> [About this task]
Once "PREMIUM WEIGHT MICROFIBER" turns up in a line below, reproduce that line and those after it exactly, stopping after the line with "close up of"; leave pictures out.

> [Records for the exercise]
────

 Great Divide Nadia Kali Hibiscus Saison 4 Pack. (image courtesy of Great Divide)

────

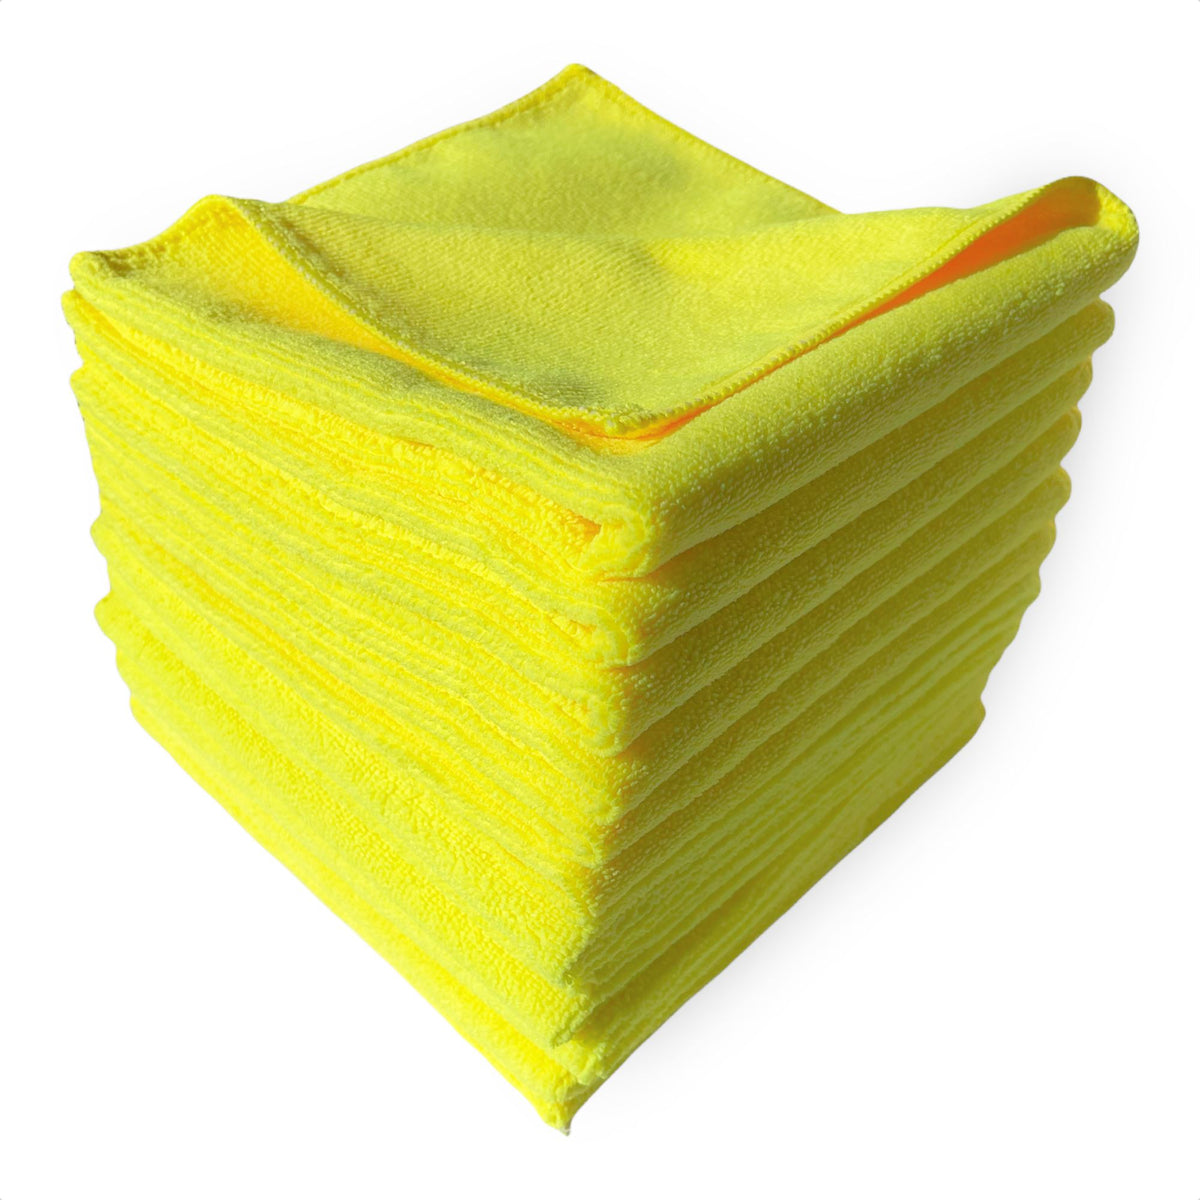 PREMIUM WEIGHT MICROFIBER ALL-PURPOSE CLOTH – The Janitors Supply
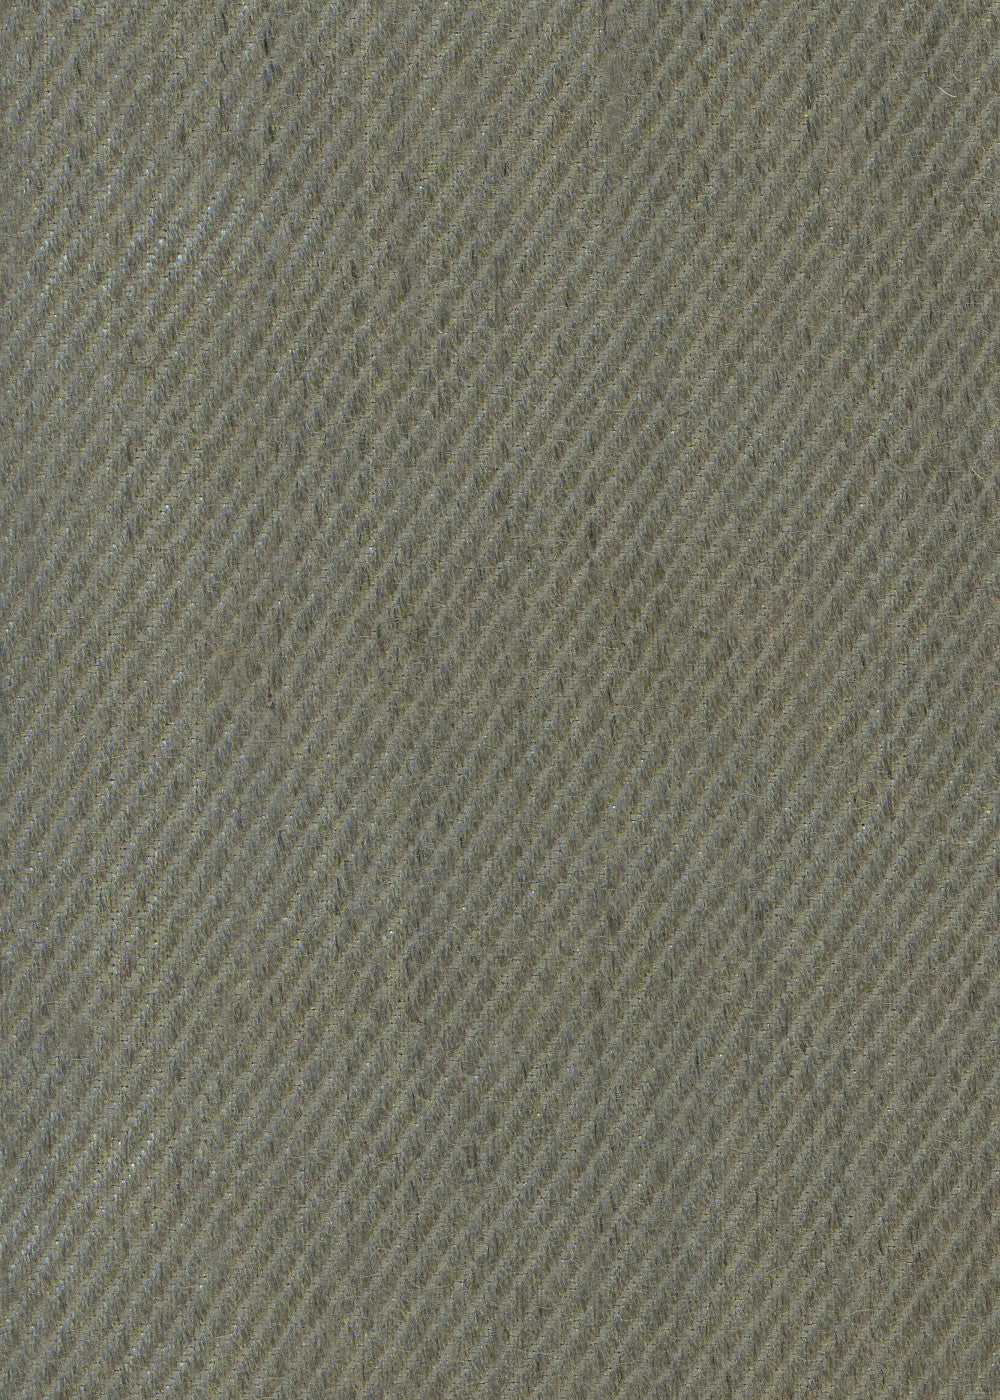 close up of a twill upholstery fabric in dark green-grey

────

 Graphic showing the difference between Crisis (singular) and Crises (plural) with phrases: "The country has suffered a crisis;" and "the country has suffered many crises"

────

> [Response for this exercise]
 PREMIUM WEIGHT MICROFIBER ALL-PURPOSE CLOTH – The Janitors Supply
 close up of a twill upholstery fabric in dark green-grey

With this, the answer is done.